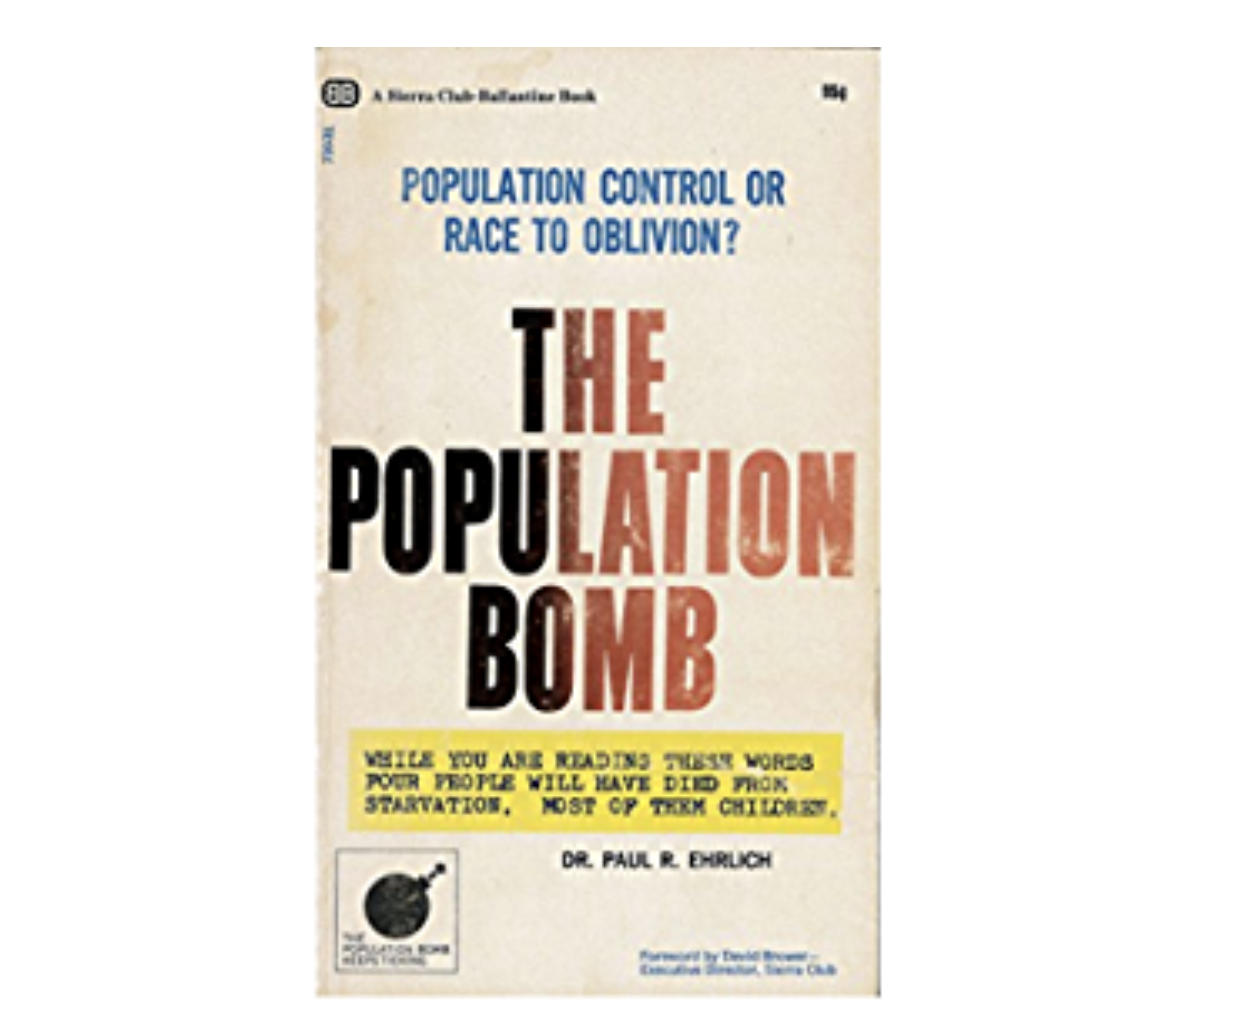 Paul Ehrlich's 1968 book, The Population Bomb
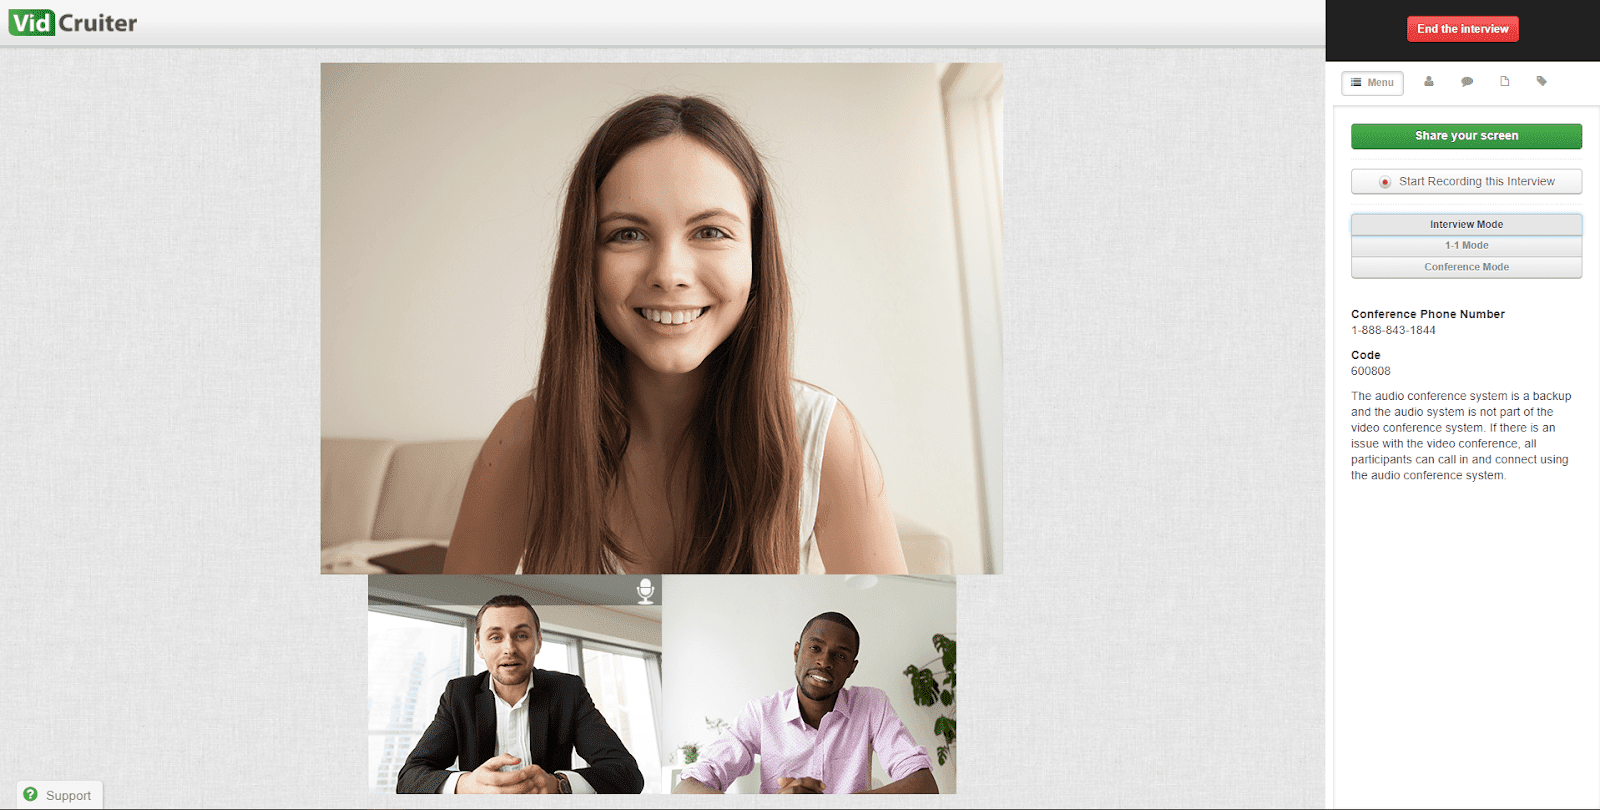 Why Recruiters Should Make the Switch to Video Interviewing Software
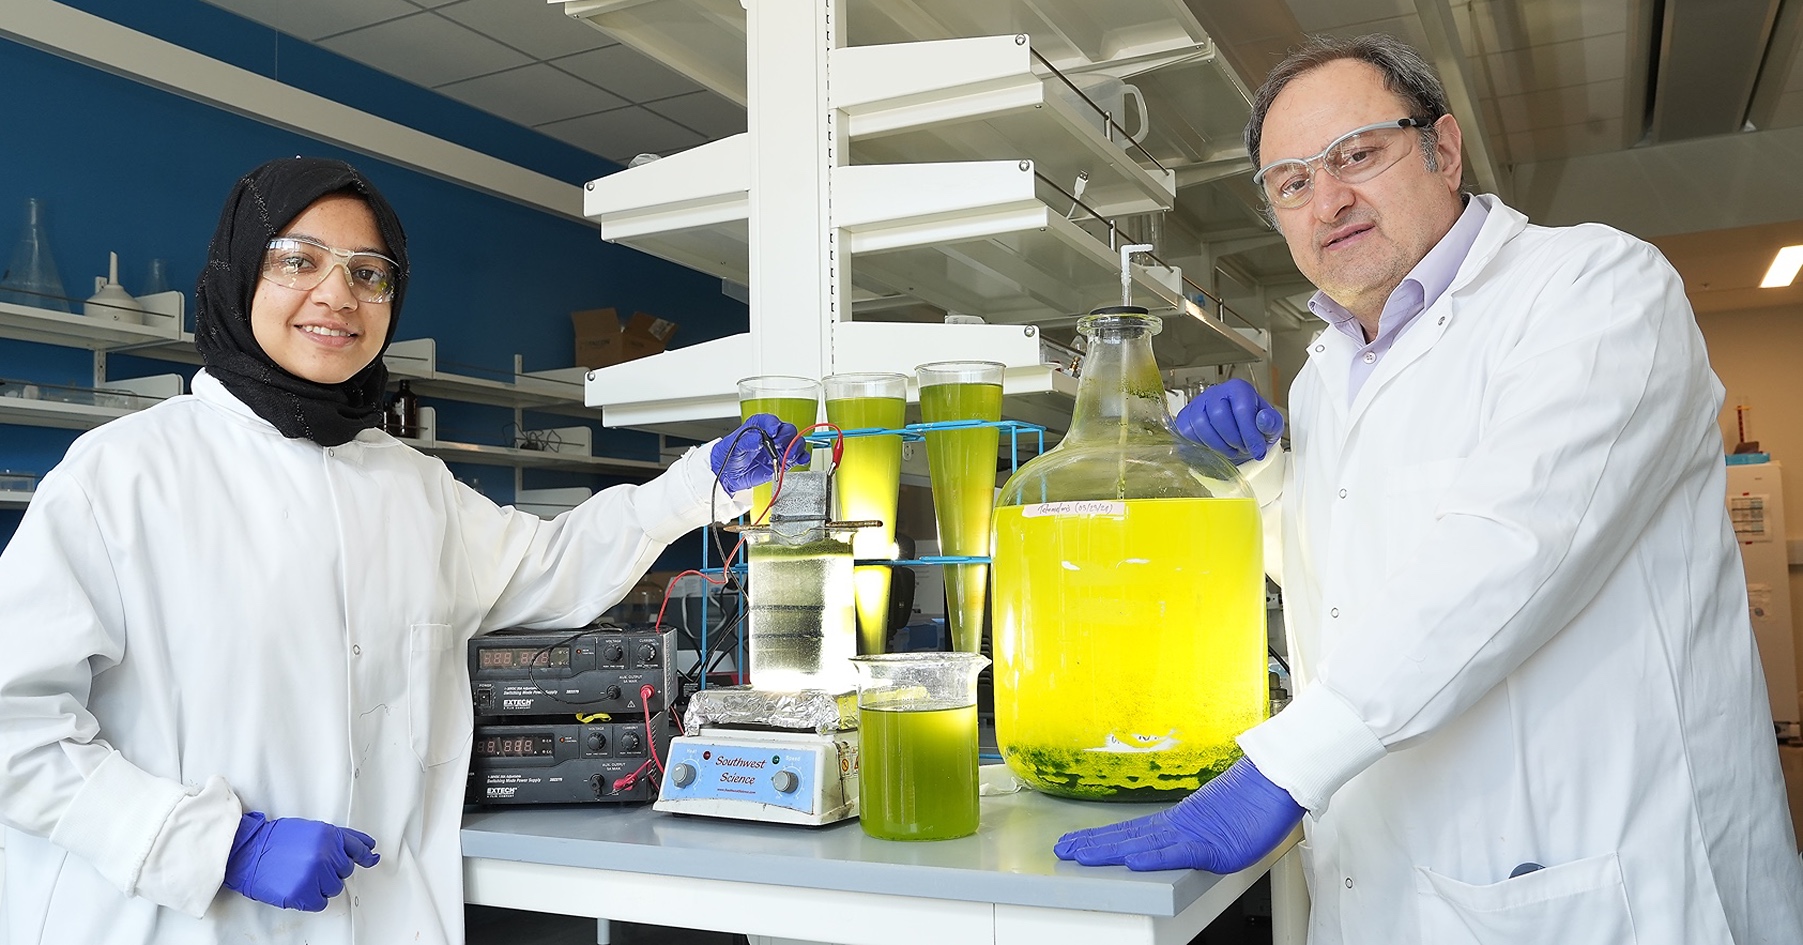 PhD student Nowrin Shaika and professor Halis Simsek, both in agricultural and biological engineering, demonstrate using electrocoagulation to harvest microalgae Chlorella vulgaris from wastewater cleaned with algae.
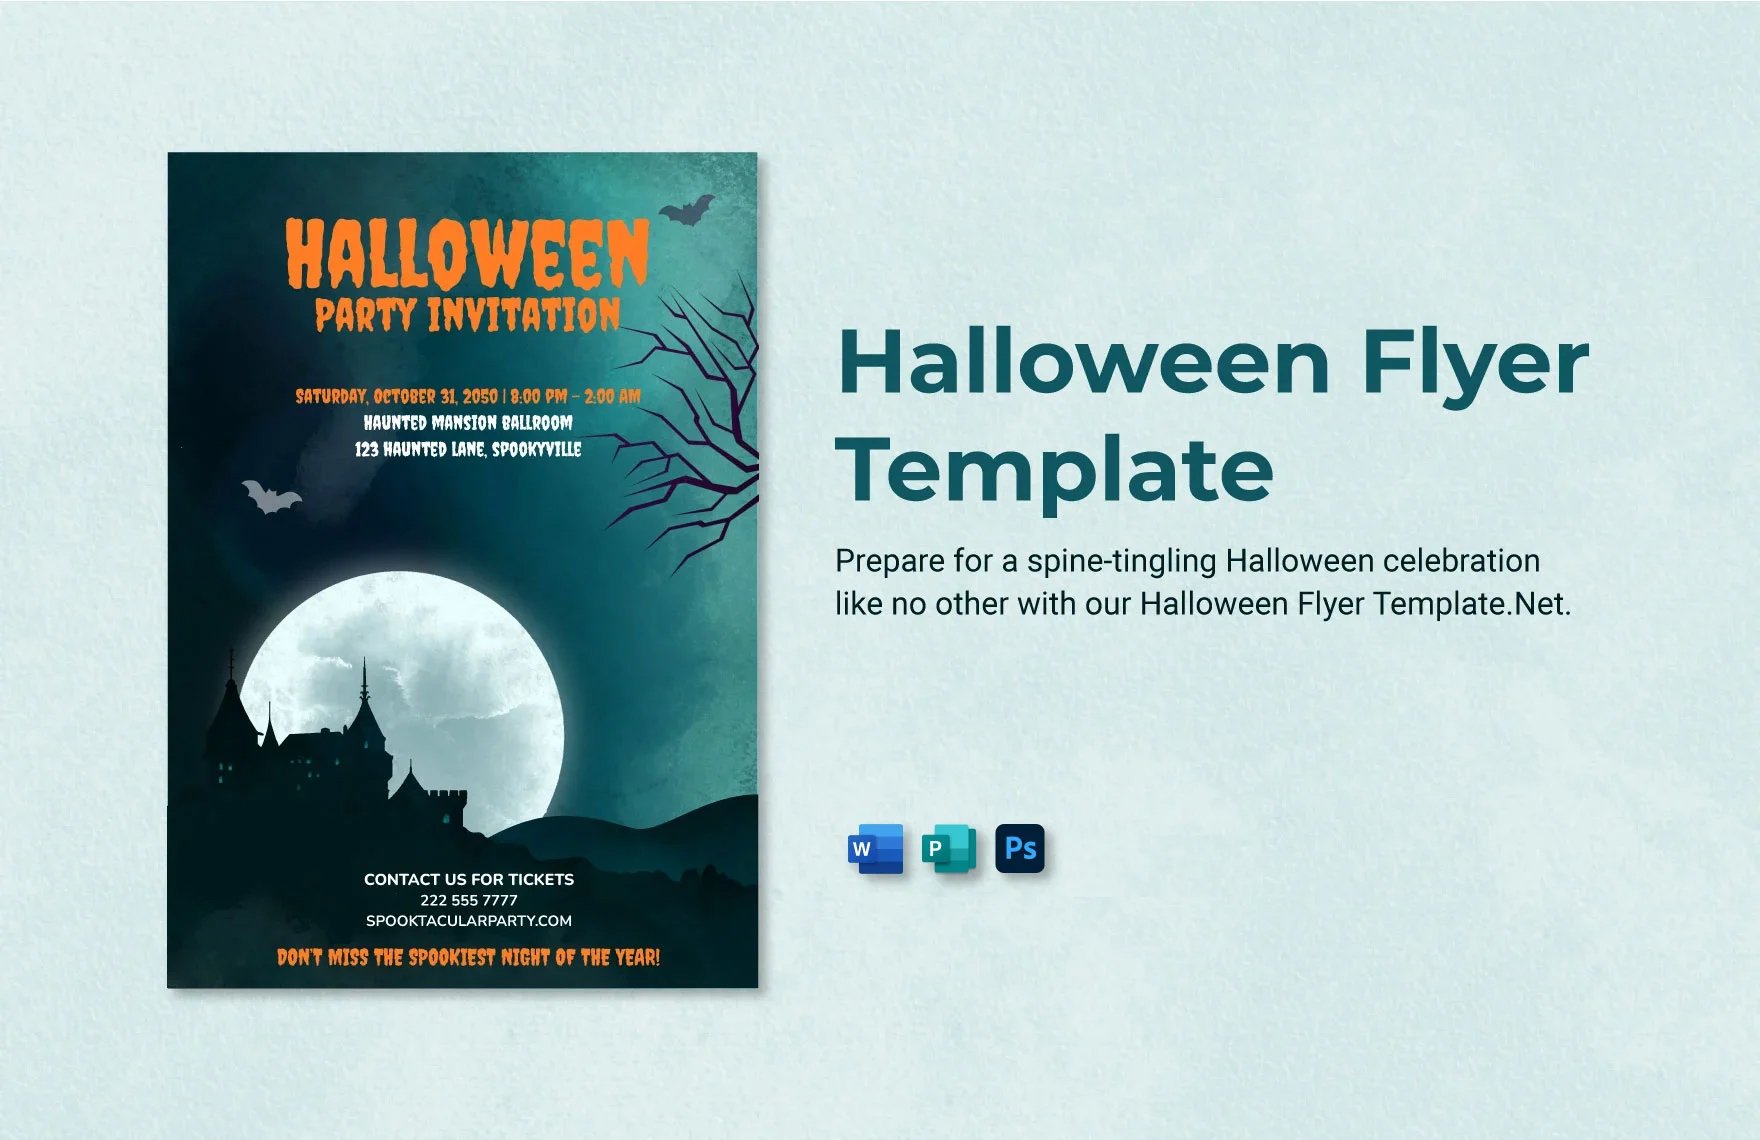 Free Halloween Flyer Template in Word, PSD, Publisher
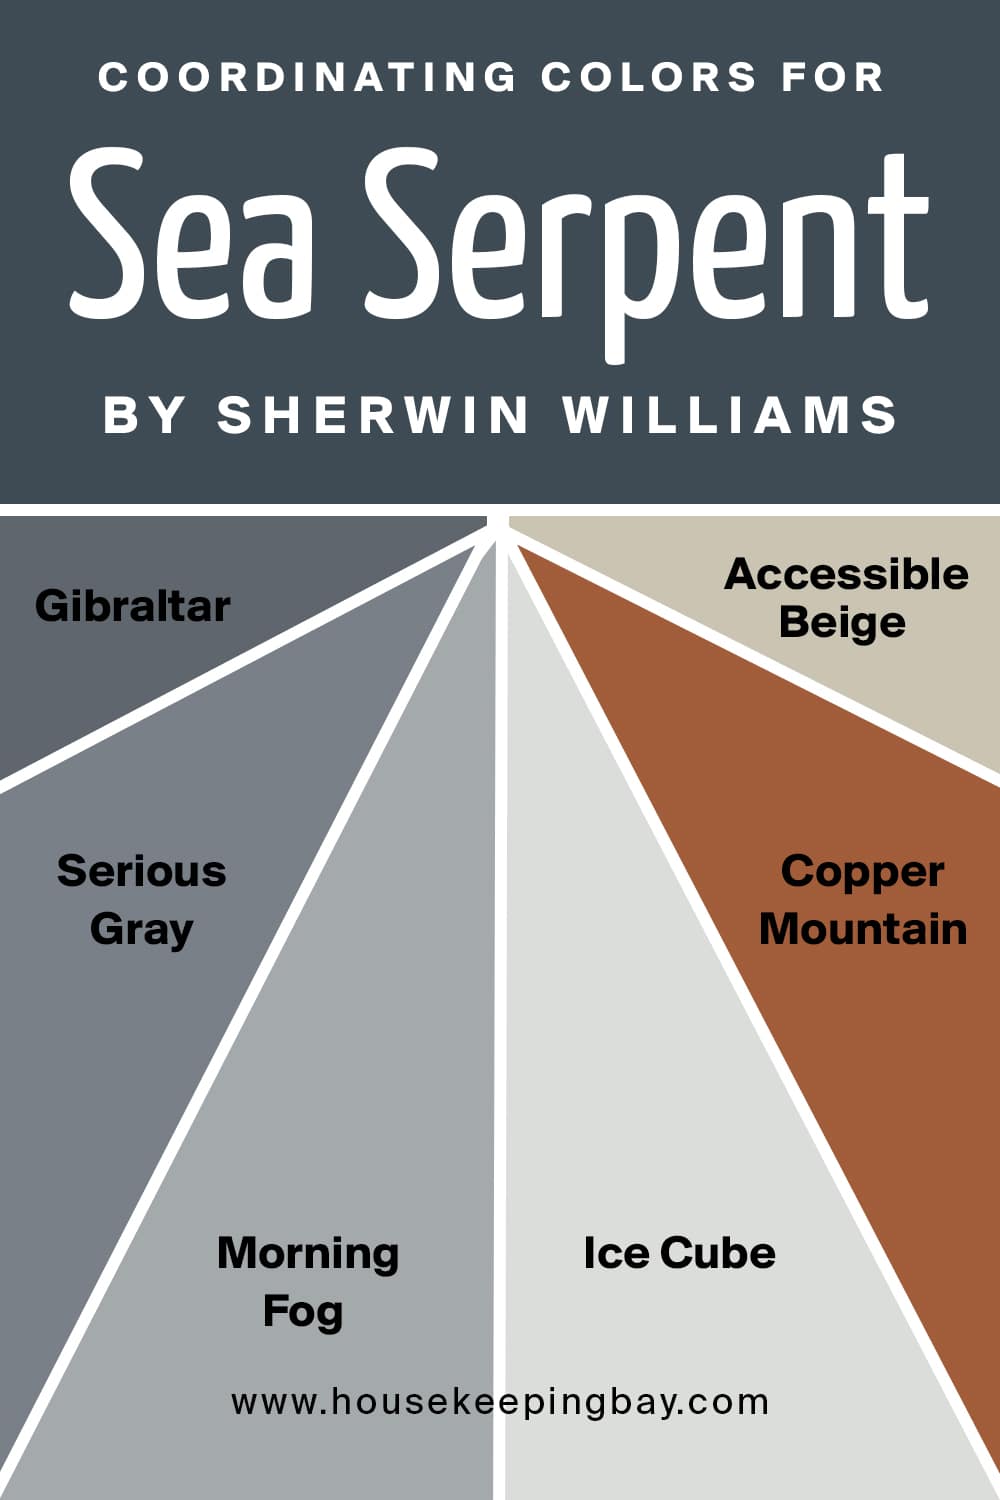 Coordinating Colors for Sea Serpent by Sherwin Williams

★ ★ ★ ★

▶ ACTION ITEM: From the first line through the line with "Free Halloween Flyer", output those lines of the entries above exactly, and nothing else, with the pictures left out.

▶ RESPONSE:
 Paul Ehrlich's 1968 book, The Population Bomb
 Why Recruiters Should Make the Switch to Video Interviewing Software
 PhD student Nowrin Shaika and professor Halis Simsek, both in agricultural and biological engineering, demonstrate using electrocoagulation to harvest microalgae Chlorella vulgaris from wastewater cleaned with algae.
 Free Halloween Flyer Template in Word, PSD, Publisher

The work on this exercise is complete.